ECE 4822: Matrix Multiplication Benchmarks


The table below represents some benchmarks for a 1000x1000 32-bit floating-point multiplication run on nedc_000 (Intel(R) Xeon(R) CPU E5-2620 v4 @ 2.10GHz). All cells contain the amount of CPU used in secs, averaged over a large number of iterations. The hyperlink sends you to the code used to generate this benchmark.
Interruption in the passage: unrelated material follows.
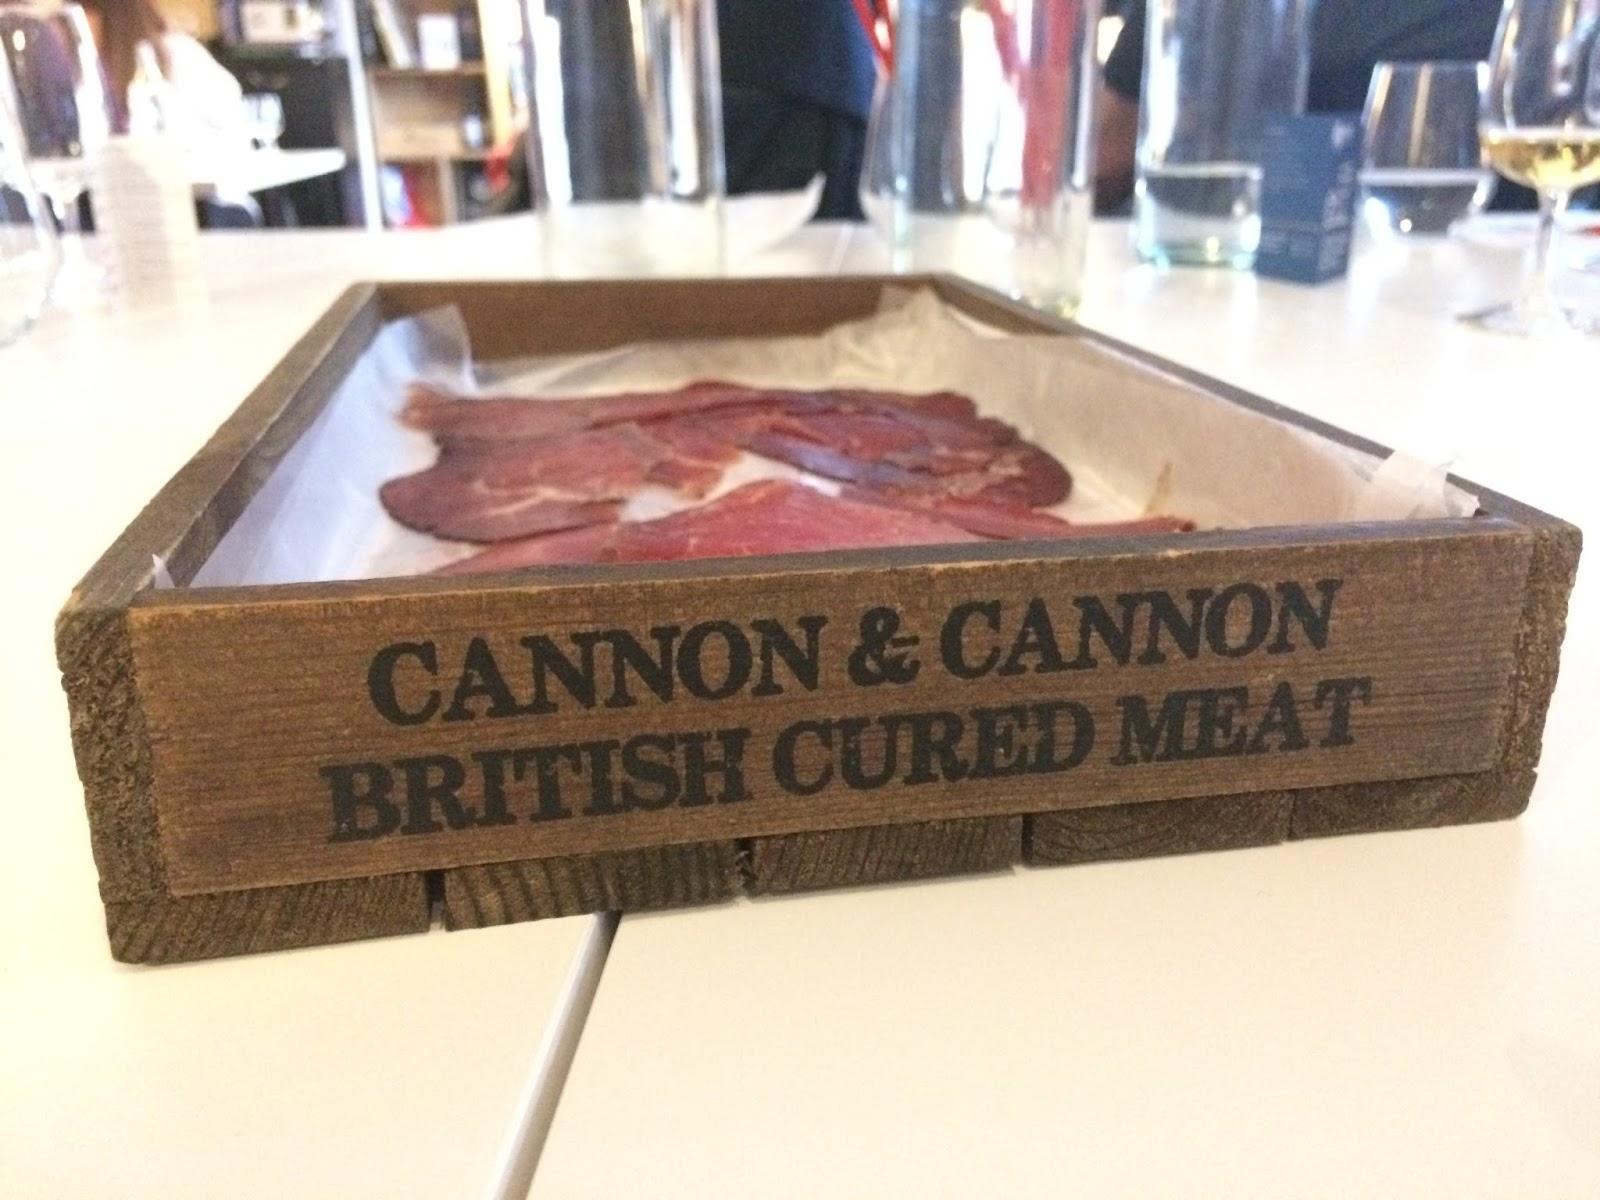 Cannon & Cannon charcuterie platter

Participant Array Pointers Fast Boost STL Eigen GPU #1 GPU #2
Acosta Del Vecchio, Miguel 1.145 1.267 1.152 1.411 0.781 N/A 12.072 0.006000
Aliman, Yamen 1.171 1.263 0.562 0.218 1.120 N/A 18.140 0.000534
Bici, Daniel 1.092 1.399 1.072 0.747 1.467 0.087 12.753 0.032000
Khantan, Mehdi 1.221 1.265 3.240 0.663 1.241 N/A 34.000 0.000860
Notes:
  1. The times reported under GPU #1 are a GPU version of the C code reported under "Pointers". This is a non-parallel version that does not exploit parallelism on the GPU. The GPU used was an NVIDIA A40 (hosted on nedc_012, which has two AMD EPYC 7413 24-Core processors).

  2. The times reported under GPU #2 are for a single GPU version that uses an optimal number of blocks and threads (shown in parentheses). The GPU used was an NVIDIA A40 (hosted on nedc_012, which has two AMD EPYC 7413 24-Core processors).